La cladística (del griego κλάδος, klados: «rama») es una rama de la biología que define las relaciones evolutivas entre los organismos basándose en similitudes derivadas. Es la más importante de las sistemáticas filogenéticas que estudian las relaciones evolutivas entre los organismos. La cladística es un método de análisis riguroso que utiliza las "propiedades derivadas compartidas" (sinapomorfias: ver abajo) de los organismos que se están estudiando. El análisis cladístico forma la base de la mayoría de los sistemas modernos de clasificación biológica que buscan agrupar a los organismos por sus relaciones evolutivas. En contraste, la fenética agrupa los organismos basándose en su similitud global, mientras que los enfoques más tradicionales tienden a basarse en caracteres clave. Willi Hennig (1913-1976) es ampliamente considerado como el fundador de la cladística.
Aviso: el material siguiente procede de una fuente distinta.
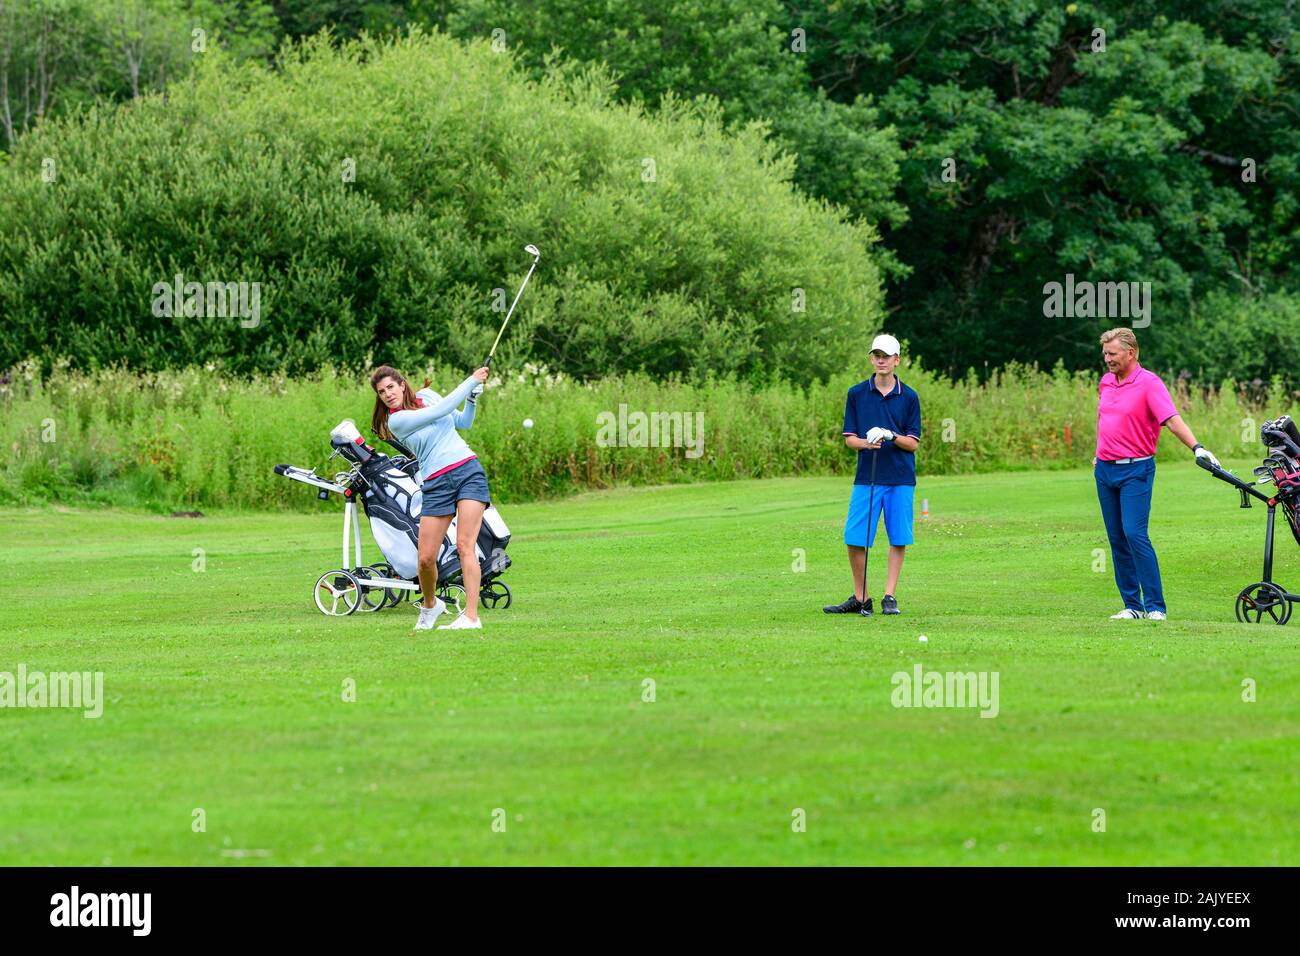 Le Golf comme sport famille - famille vol jouant un cours de Parkland Banque D'Images
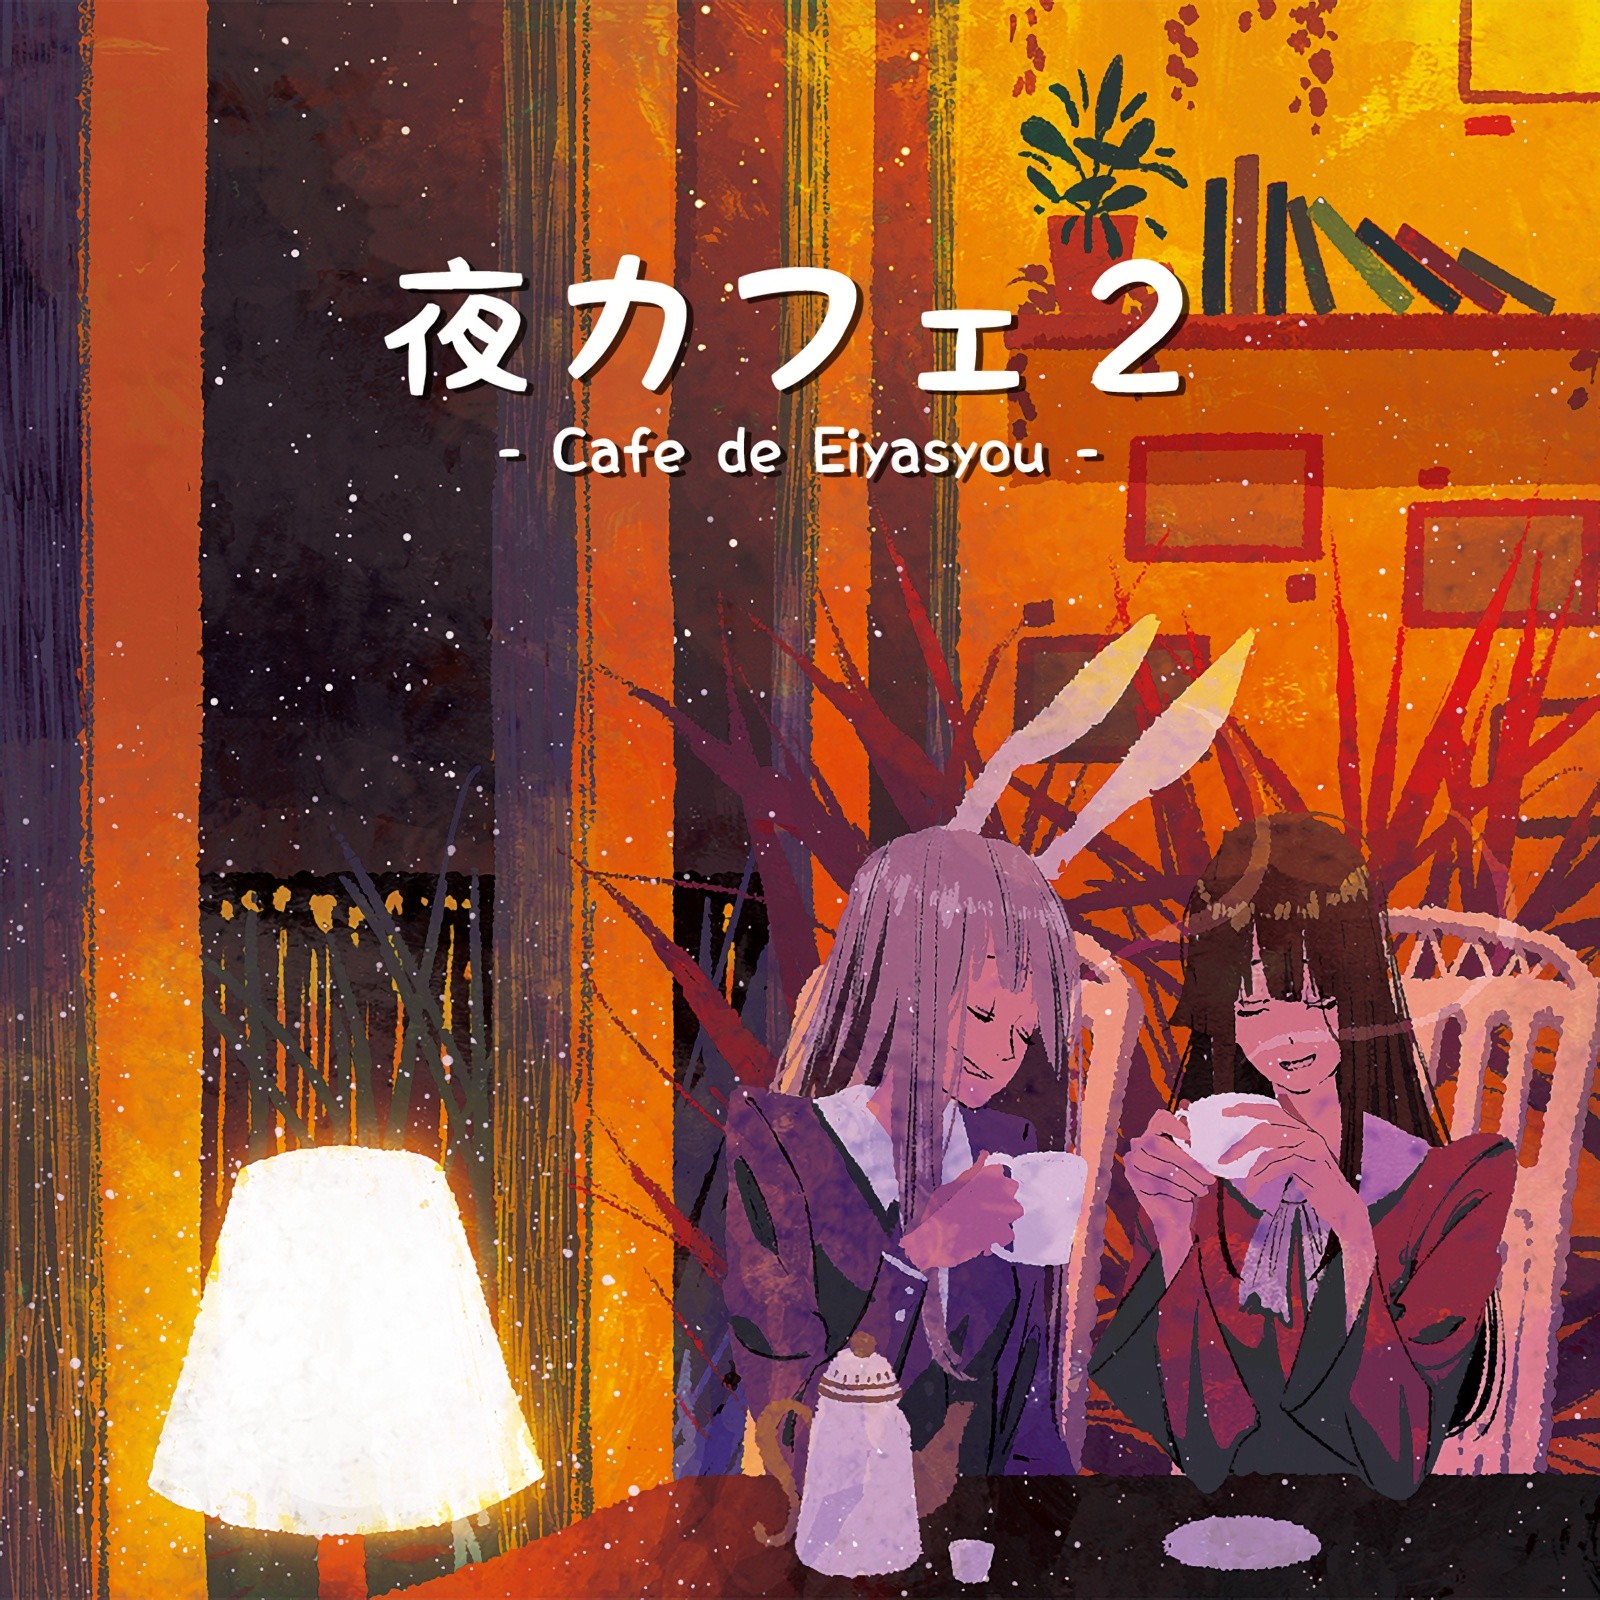 DDBY – 夜カフェ2 -Cafe de Eiyasyou- [FLAC / CD] [2019.08.12]

Esta clasificación será la más útil en campos de la biología como el estudio de la distribución de plantas (fitogeografía), las interacciones anfitrión-parásito y las interacciones planta-herbívoro, la biología de la polinización, la dispersión del fruto, o en contestar preguntas relacionadas con el origen de caracteres adaptativos (Nelson y Platnick, 1981;[1]​ Humphries y Parenti, 1986;[2]​ Brooks y McLennan, 1991;[3]​ Forey et al., 1992[4]​). Debido a su marco teórico predictivo, una clasificación filogenética puede dirigir la búsqueda de genes, productos biológicos, agentes de biocontrol, y especies con potencial valor agrícola. La información filogenética también es útil para tomar decisiones relacionadas con la conservación. Finalmente, las clasificaciones filogenéticas proveen un marco teórico para el conocimiento biológico y una base para los estudios comparativos que enlazan todos los campos de la biología (Cracraft y Donoghue, 2004;[5]​ Judd et al. 2007: p. 32.).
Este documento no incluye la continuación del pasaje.